Personal information
- Full name: Airi Miyabe
- Nationality: Japanese
- Born: 29 July 1998 (age 28) Hyogo Prefecture, Japan
- Height: 182 cm (6 ft 0 in)
- Weight: 63 kg (139 lb)
- Spike: 313 cm (123 in)
- Block: 290 cm (114 in)
- College / University: College of Southern Idaho (2017–2018) University of Minnesota (2018–2020)

Volleyball information
- Current club: Victorina Himeji
- Number: 15 (national team)

Career
| Years | Teams |
| 2015 | Kinrankai Senior Highschool |

National team
| 2015–present | Japan |

Honours
Women's volleyball
Representing Japan
AVC Continental Championship
| Bronze medal – third place | 2026 Tianjin | Team |
FIVB Nations League
| Silver medal – second place | 2024 Bangkok | Team |

= Airi Miyabe =

Japanese volleyball player (born 1998)

Airi Miyabe (宮部 藍梨, Miyabe Airi) is a Japanese volleyball player and a member of the Japan women's national volleyball team. She is of mixed Nigerian and Japanese heritage and is the older sister of Ameze Miyabe.
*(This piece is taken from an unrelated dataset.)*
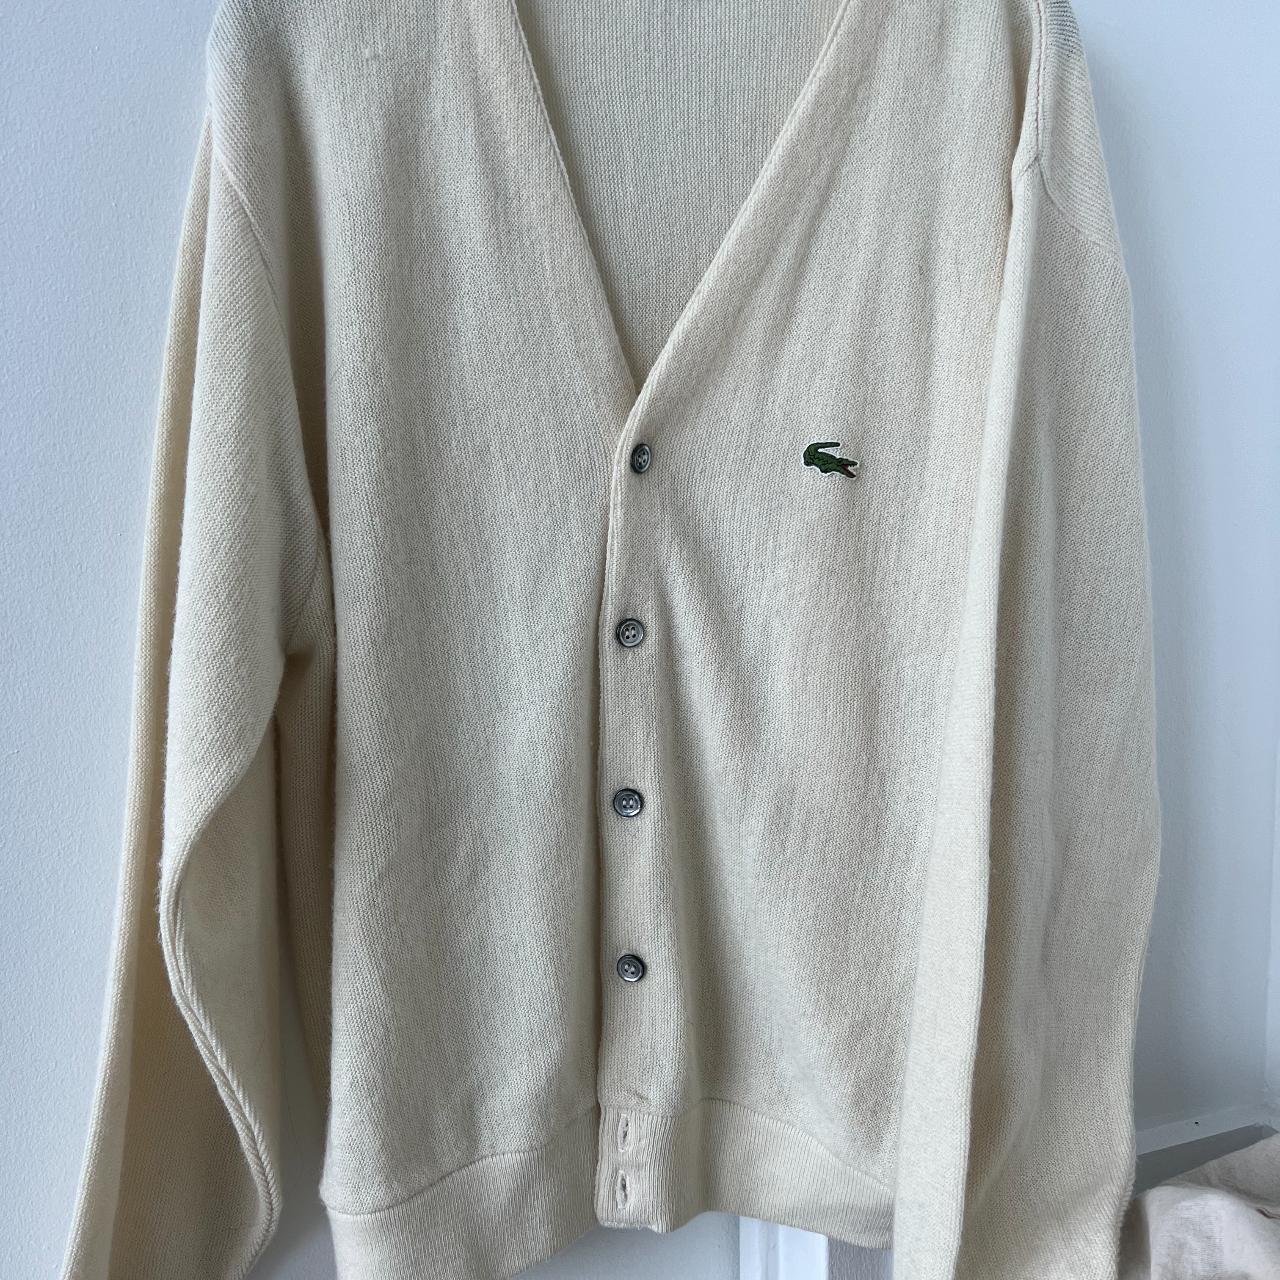 Vintage Lacoste Knit Cardigan Sweater in AMAZING... - Depop

Miyabe competed in the 2015 FIVB Volleyball World Grand Prix. At the club level, she represented Kinrankai Senior High School in 2015.

At the collegiate level in the United States, Miyabe attended the College of Southern Idaho before transferring to the University of Minnesota, where she played for the Minnesota Golden Gophers.

She was also a member of the Japanese national team at the 2024 Olympics.